Overview
This model, named g4me/QwenRolina3-Base-LR1e5-wsd-b32g2gc8-order-domain-3ep-mix, is a 2 billion parameter language model. It is a fine-tuned variant of the Qwen/Qwen3-1.7B-Base architecture, developed by g4me. The model was trained using the TRL library (Transformers Reinforcement Learning) and has a notable context length of 32768 tokens.
Key Capabilities
- General Text Generation: Capable of generating coherent and contextually relevant text based on given prompts.
- Fine-tuned Performance: Benefits from specific fine-tuning to enhance its base Qwen3 capabilities.

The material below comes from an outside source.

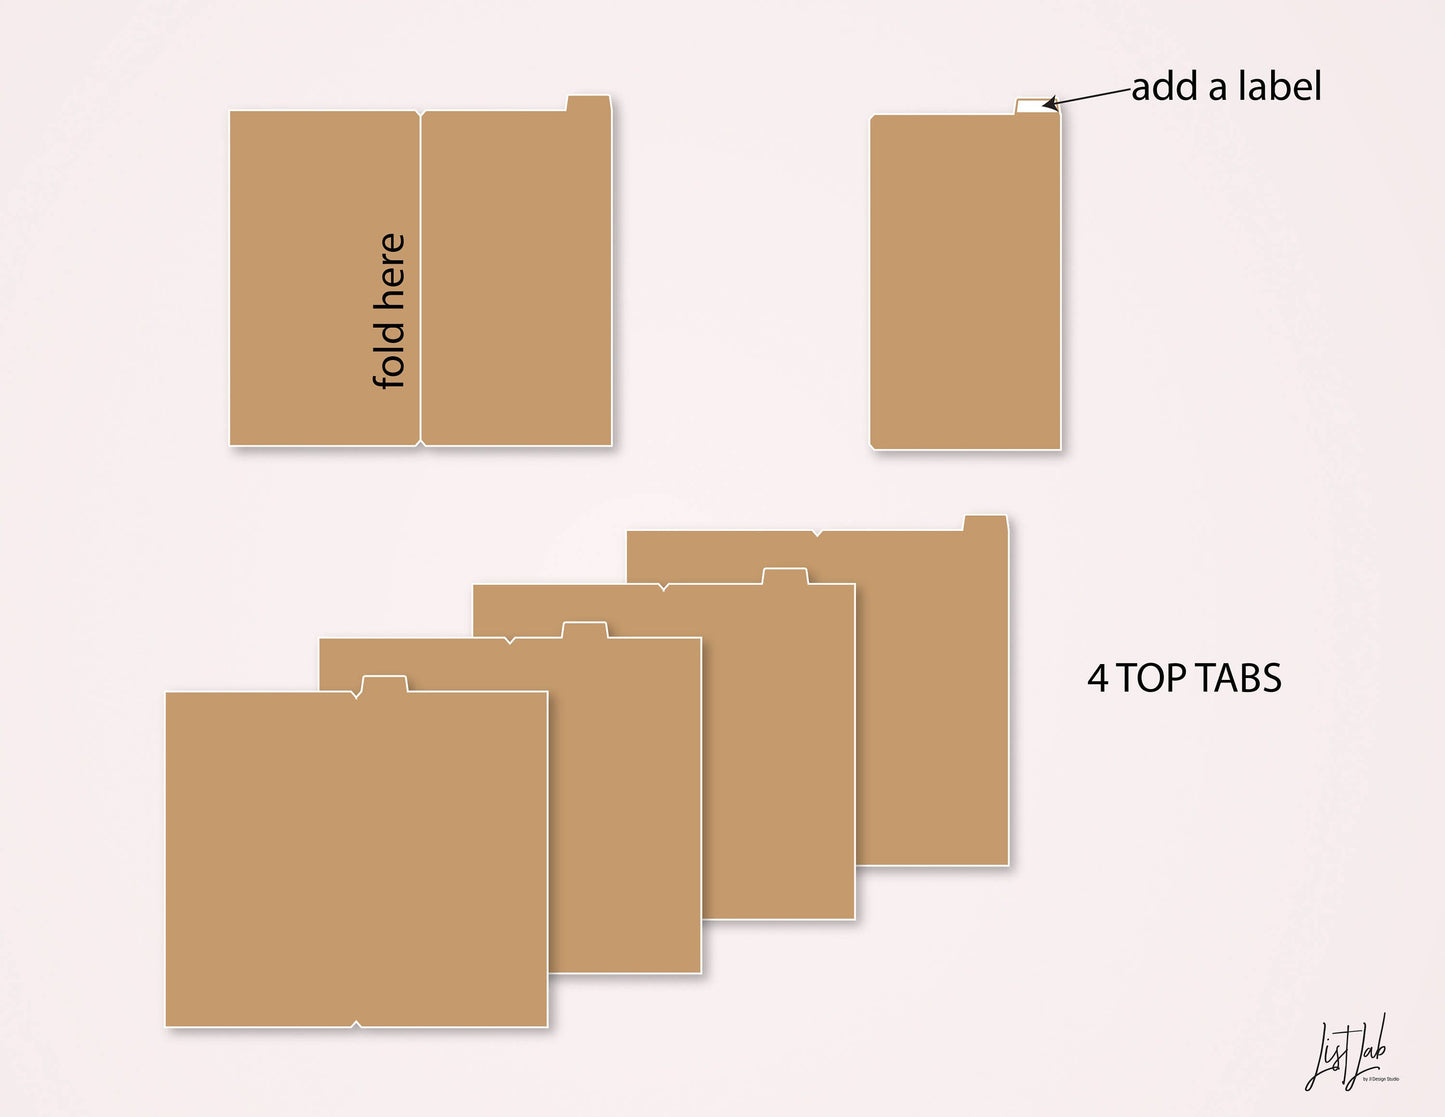 Personal TN TOP Tabbed Covers Kit Cutting Files Set
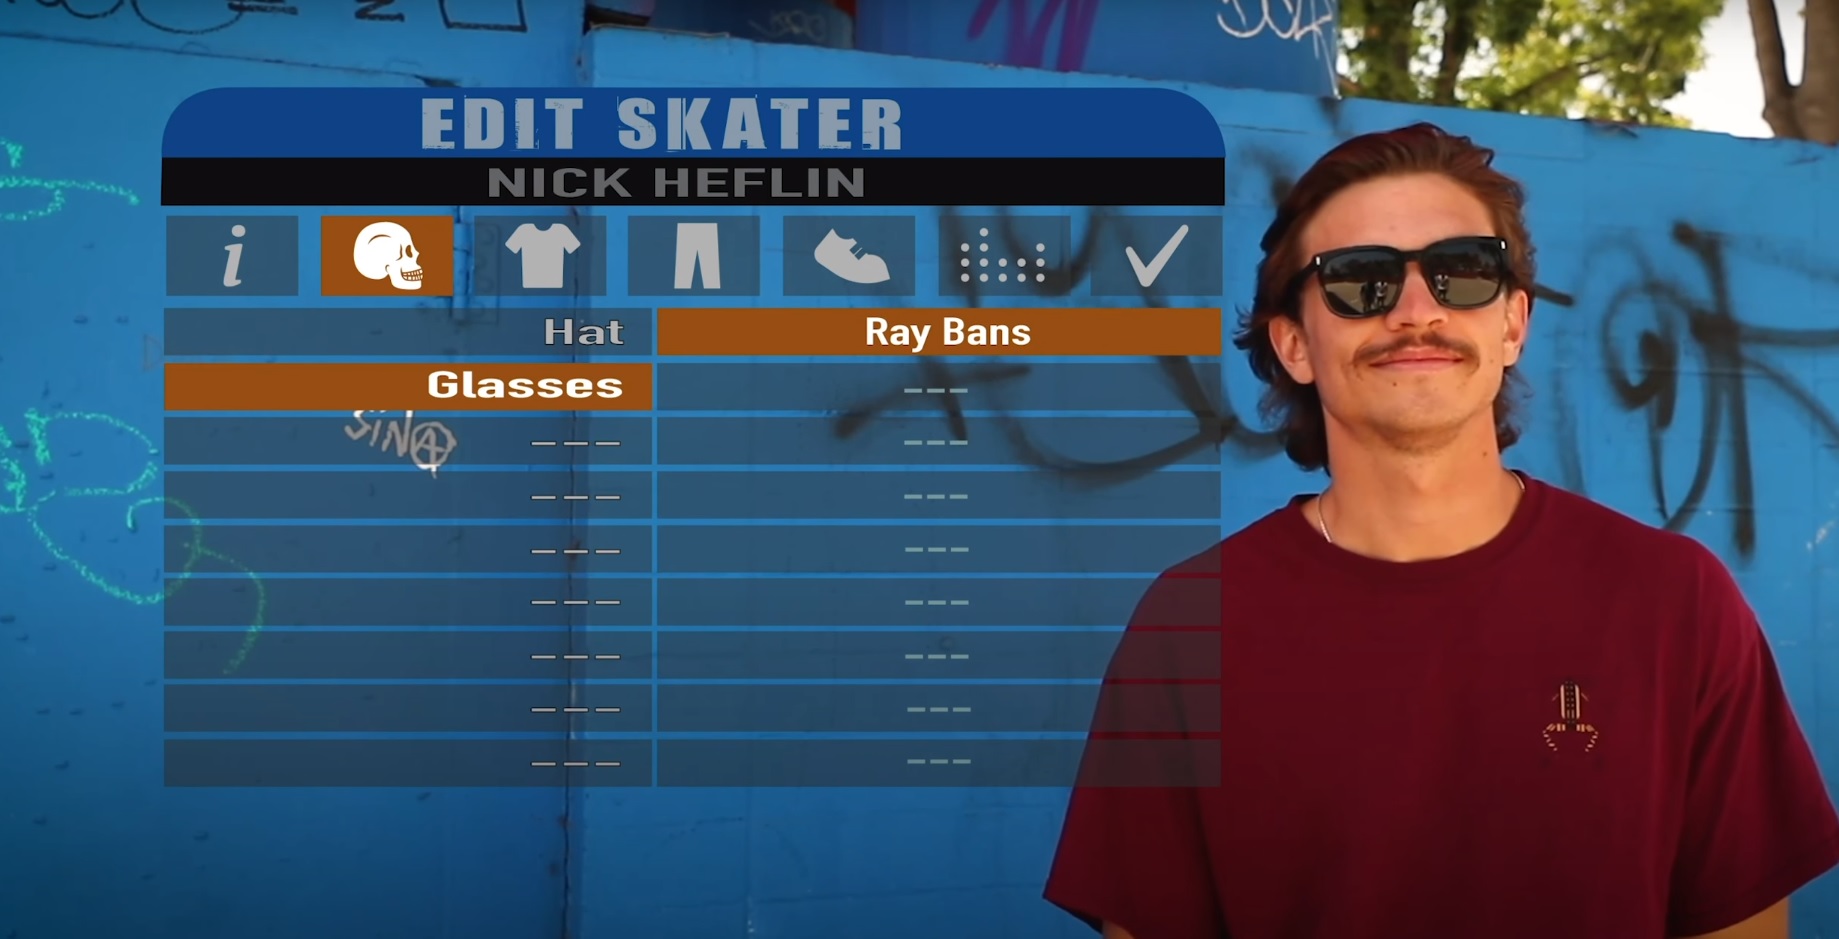 A screengrab from a YouTube video imitating a Tony Hawk video game

- Large Context Window: Supports processing and generating text over a 32K token context, allowing for more extensive conversations or document analysis.
Training Details
The model underwent a supervised fine-tuning (SFT) process. The training utilized specific versions of popular machine learning frameworks, including TRL 0.29.0, Transformers 5.2.0, Pytorch 2.8.0a0, Datasets 4.6.0, and Tokenizers 0.22.2. Further details on the training run can be visualized via Weights & Biases.
Good For
- Developers looking for a Qwen3-based model with a large context window.
- Applications requiring general-purpose text generation.
- Experimentation with fine-tuned models built on established architectures.